Efficient ResNet Model to Predict Protein-Protein Interactions with GPU Computing

Abstract

Protein-protein interactions (PPI) play an important role in the cell activities of organisms. The deep research about PPI can help humans understand the mechanism of life activities and apply protein functions better. Nowadays, PPI prediction algorithms based on amino acid sequences using the recurrent neural network (RNN) can overcome the disadvantages of traditional biological experimental methods and achieve high accuracy. However, these algorithms are usually time-consuming and cannot take full advantage of graphics processing units (GPU) with efficient computation performance to accelerate PPI prediction, because the RNN model considers the time series of sequences.

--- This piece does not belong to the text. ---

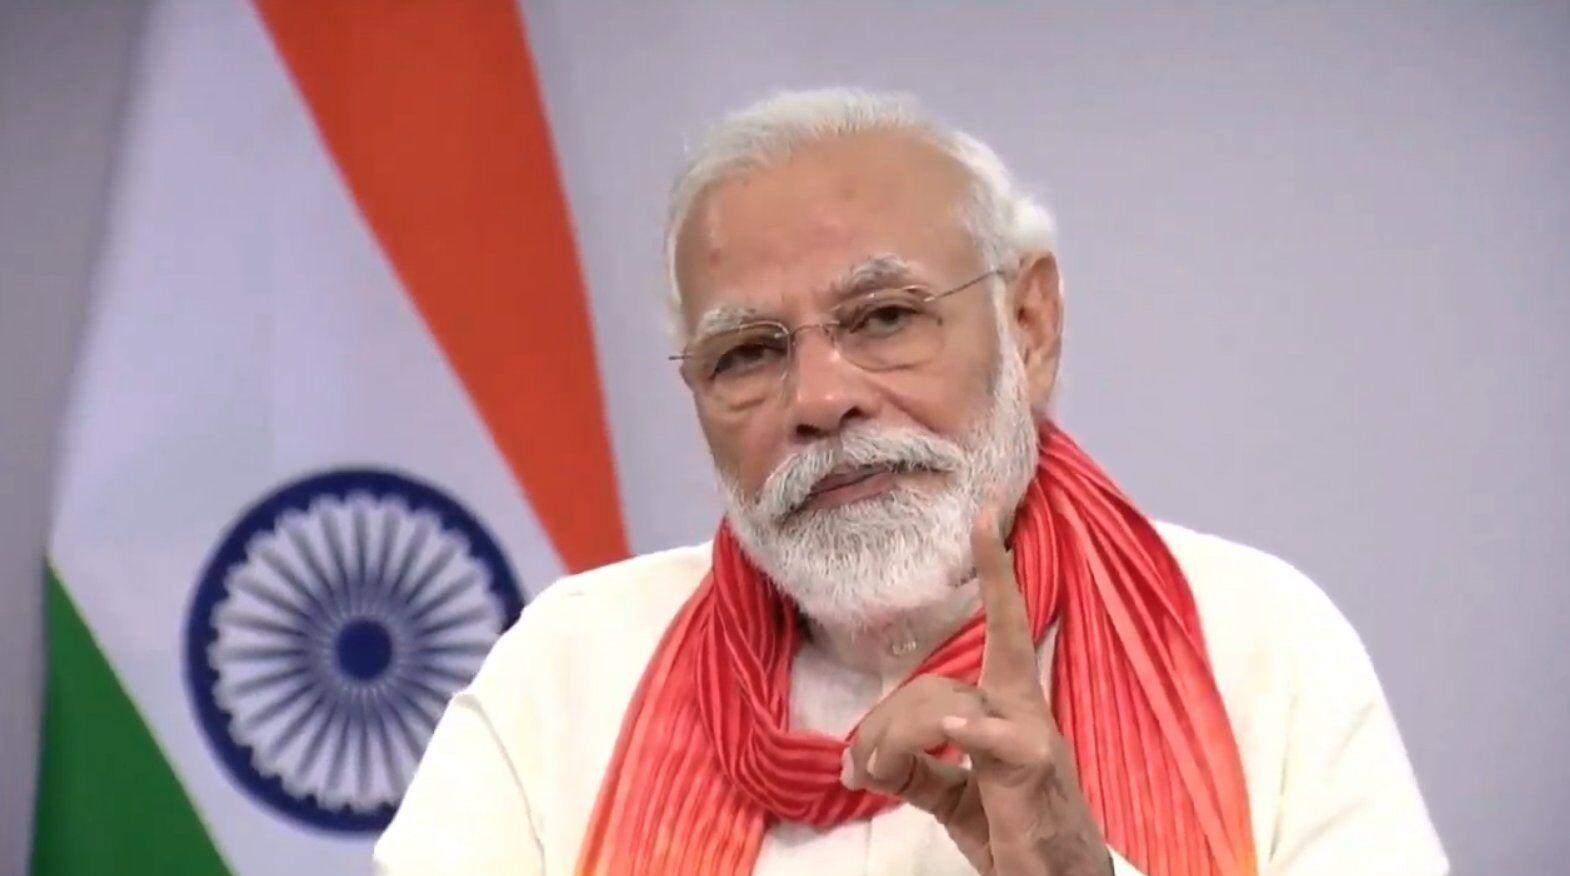 अंतरराष्ट्रीय योग दिवस पर प्रधानमंत्री नरेंद्र मोदी का देश को संदेश

In this paper, we propose an efficient algorithm based on the residual network (ResNet) model to predict PPI (ResPPI). Our algorithm uses the embedding method to represent amino acid sequences, combining the advantages of powerful feature extraction capabilities of the ResNet with deep layers and GPU performance. The experimental results show that the ResPPI algorithm can ensure high accuracy and reduce training time greatly. Based on the ordinary GPU device, compared with the state-of-the-art LSTM model, the speed of the ResPPI algorithm is five times faster than that of the LSTM, whereas the ResPPI algorithm can achieve similar accuracy to the LSTM. Besides, in the case of unbalanced datasets, the ResPPI algorithm can perform better.